Another bout of chilly weather may be around the corner for the Midwest and East Coast, but the coming cold snap is expected to be fleeting.
NatGasWeather said milder weather would quickly return by next week, with “pleasant” highs in the 50s to 80s leading to “very light” demand at the national level. There is some chillier weather in the forecast for the Feb. 17-19 period, but at least some of the data is showing a quick return to warmth by Feb. 20.
“Essentially, like in every instance this winter, cold isn’t forecast to last more than several days before warmer temperatures immediately follow,” NatGasWeather said.
If the devil is in the details, it’s the trend of a quick warmup following any cold blasts that has resulted in plentiful storage stocks and some of the lowest natural gas prices seen in years. What’s more, after Thursday’s round of government inventory data, stocks could improve further amid the mostly warm February outlook.

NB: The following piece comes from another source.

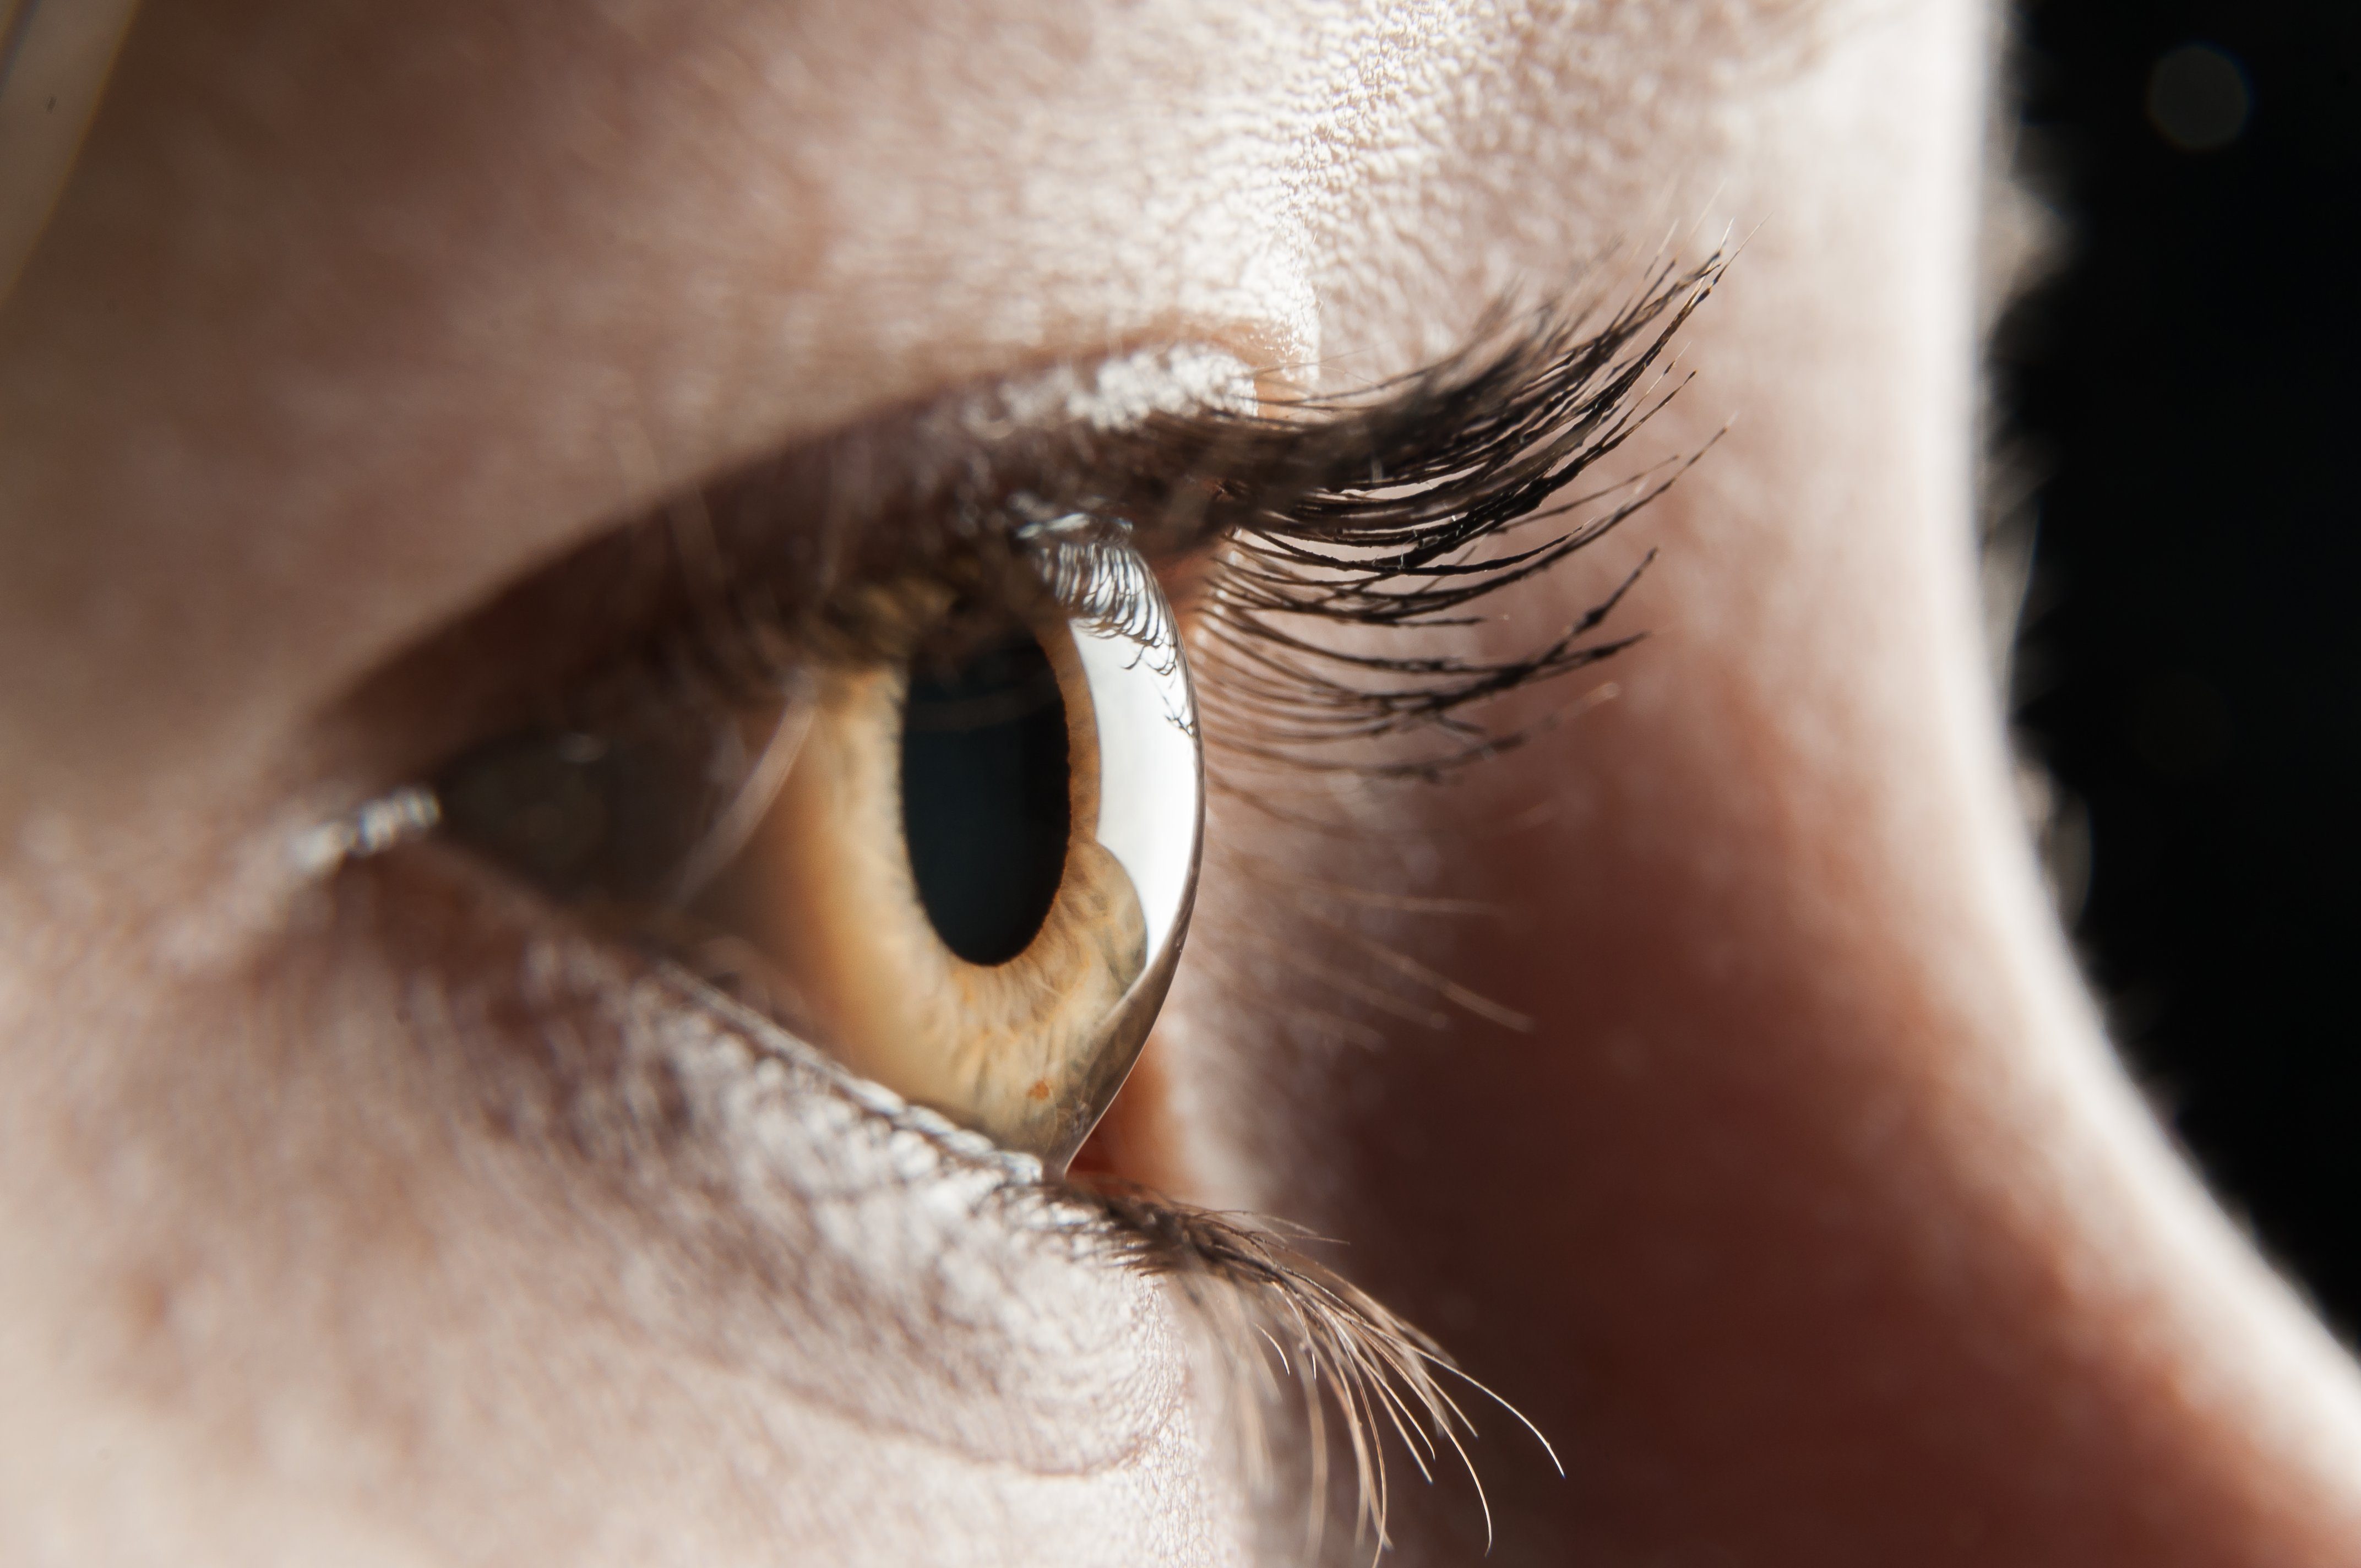 12 Signs You Need to Visit an Eye Doctor

Estimates ahead of the Energy Information Administration’s (EIA) weekly inventory report were wide ranging, spanning from a draw of 187 Bcf to as steep as 212 Bcf. The high-end 212 Bcf pull was the call from NGI for the reference period ending Feb. 3.
A Reuters poll of 13 analysts produced a median decrease of 194 Bcf, while a Bloomberg survey of six analysts resulted in a median draw of 201 Bcf. The Wall Street Journal’s poll of 14 analysts averaged a 199 Bcf withdrawal.

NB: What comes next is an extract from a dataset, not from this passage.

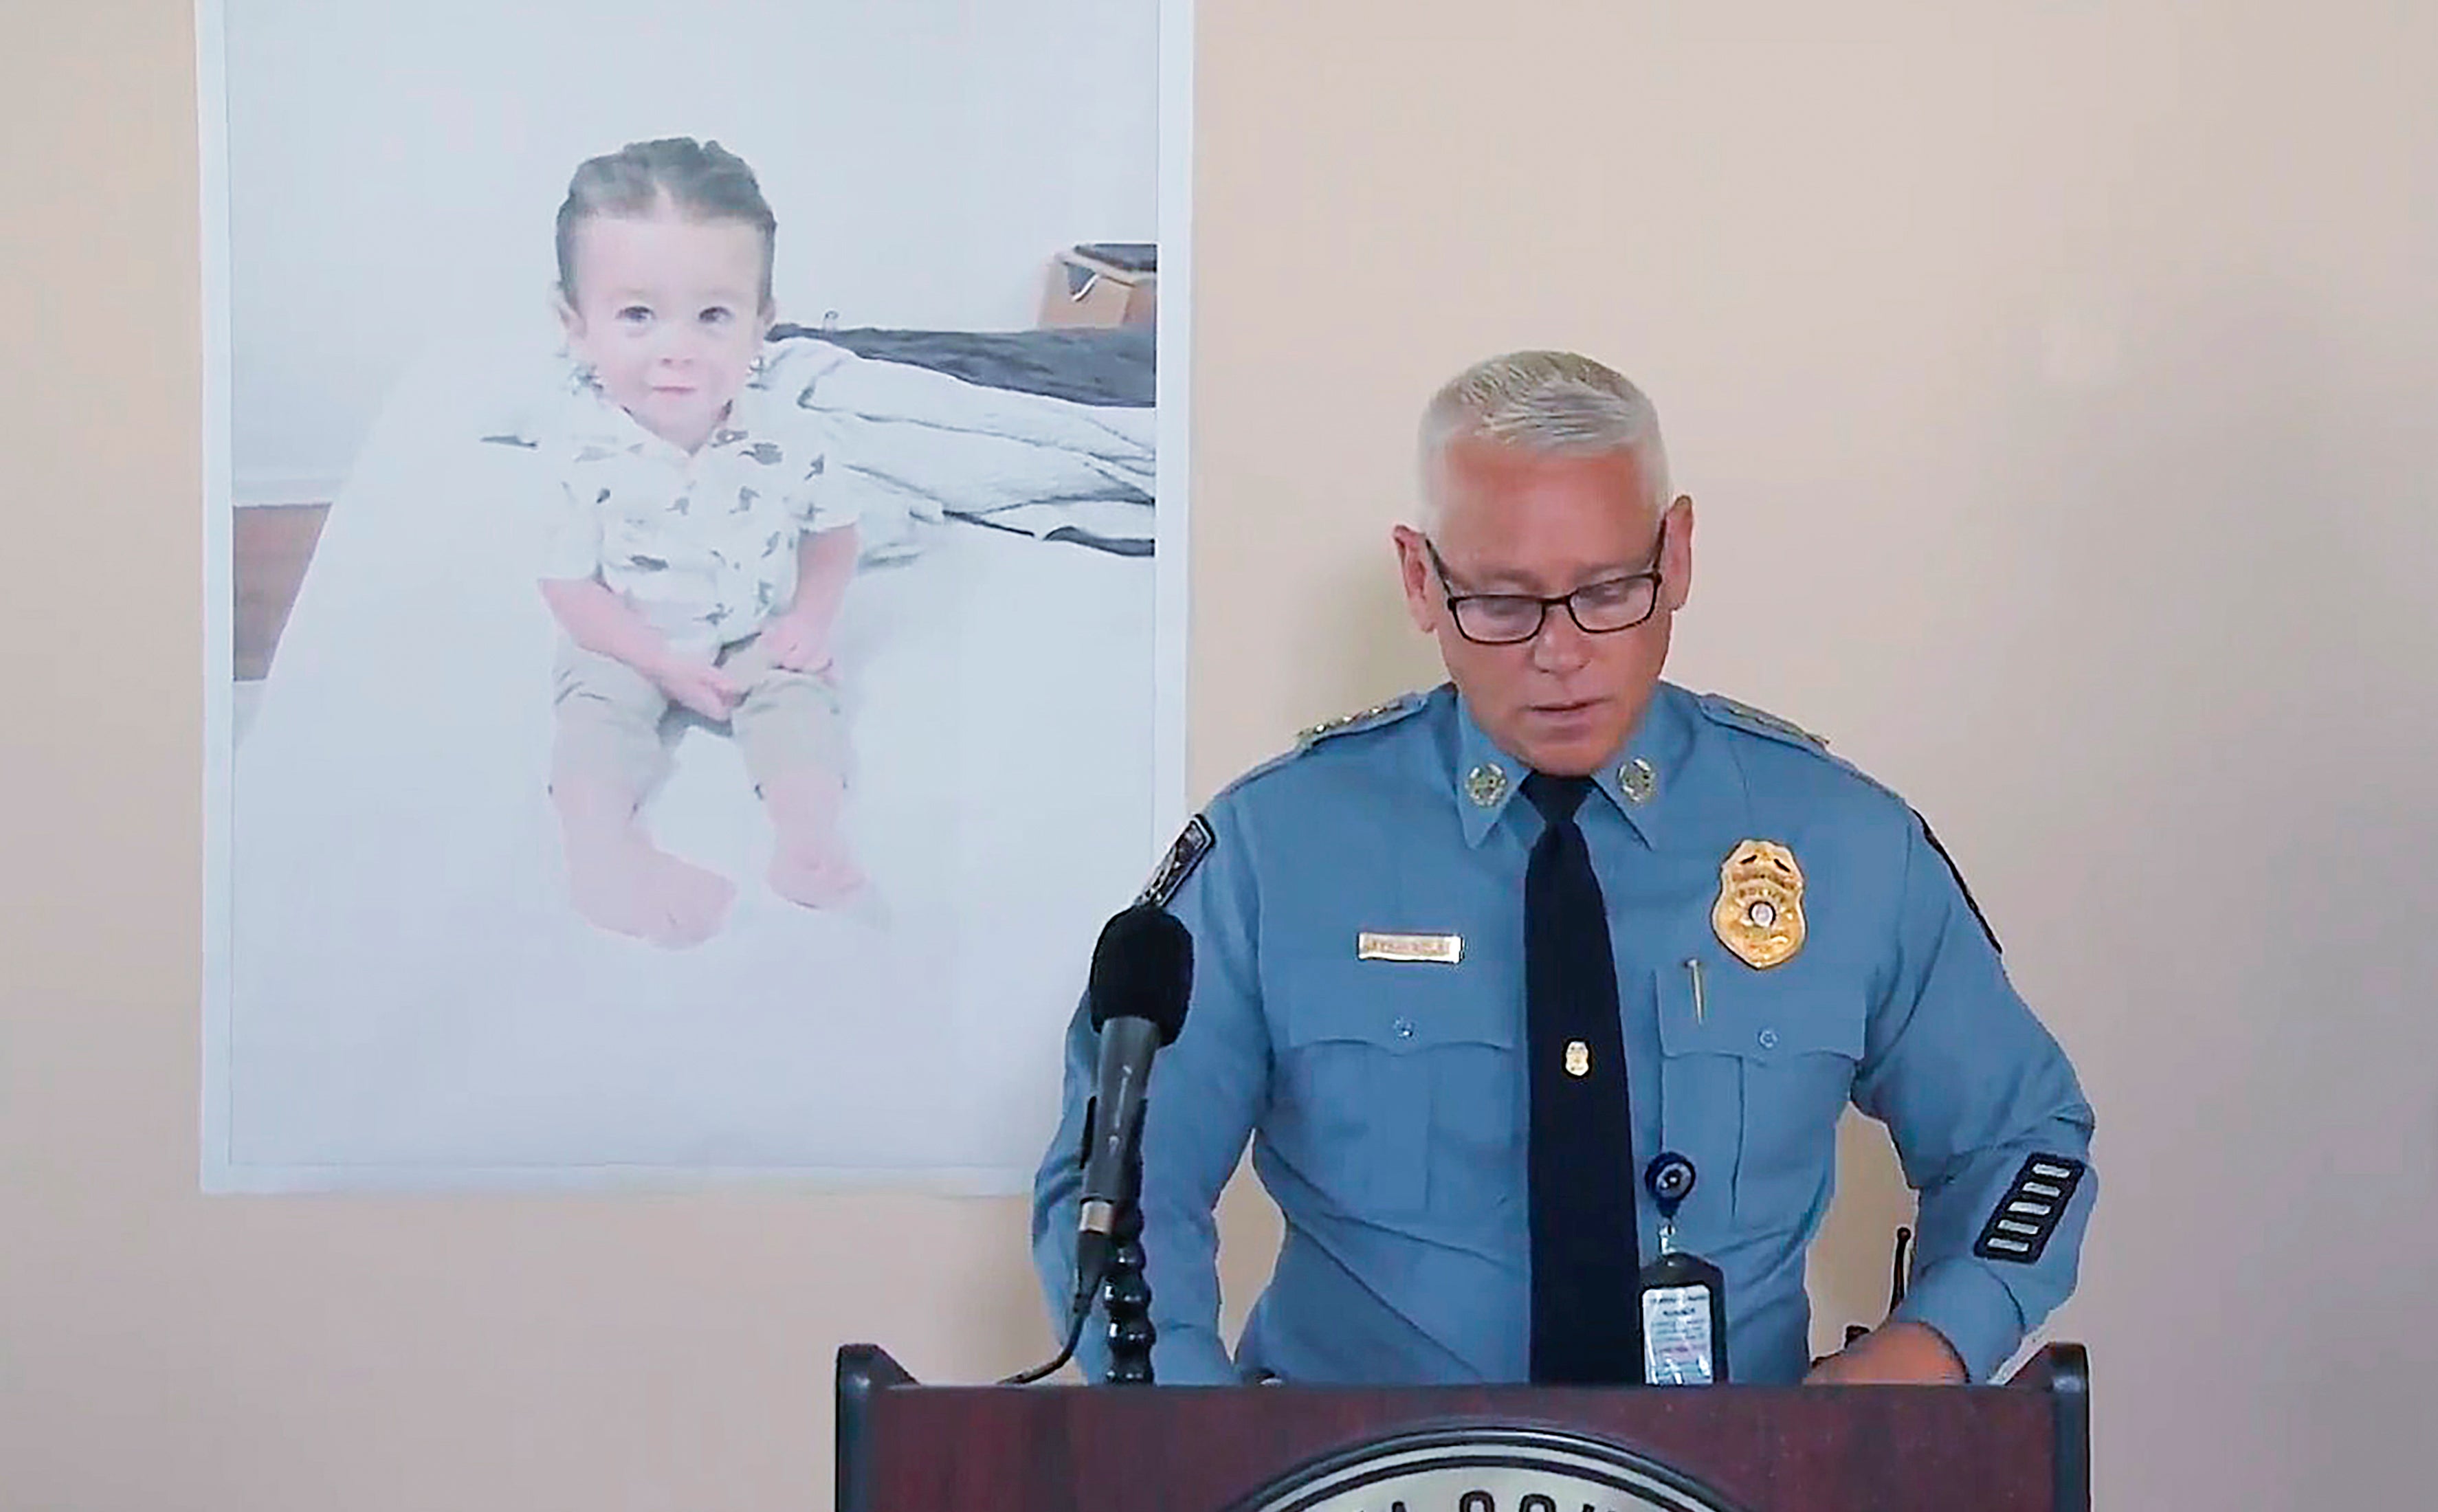 Police Chief Jeff Hadley speaks to reporters as he stands in front of a large photo of toddler Quinton Simon before the boy’s remains were found at a Georgia landfill

For comparison, 228 Bcf was pulled out of storage during the similar week last year, according to EIA. The five-year average draw is 171 Bcf.
As of Jan. 27, total working gas in storage stood at 2,583 Bcf, which is 222 Bcf above year-earlier levels and 163 Bcf above the five-year average, according to EIA.
With the balmy outlook in place and production fully recovered from Winter Storm Mara’s impacts, EBW Analytics Group LLC expects a near-doubling of storage surpluses by month’s end. This suggests any upside momentum along the Nymex futures curve may soon falter.
That said, EBW said the natural gas outlook may find more enduring support this spring, which goes against the traditional slide that accompanies the shoulder season. As long as spring weather is not unusually mild, rising feed gas deliveries to Freeport LNG and coal-to-gas switching could provide a boost to prices. At the same time, production could continue to run into constraints, limiting any incremental rise in supply. Furthermore, EBW said the market – with sub-$3 prices seen through June – “appears to be pricing in ultra-bearish scenarios that are unlikely to materialize.”
On the supply side, pipeline constraints continue to pose a risk, particularly in the Permian Basin, and there’s also the possibility that producers may be slow to respond to current price signals.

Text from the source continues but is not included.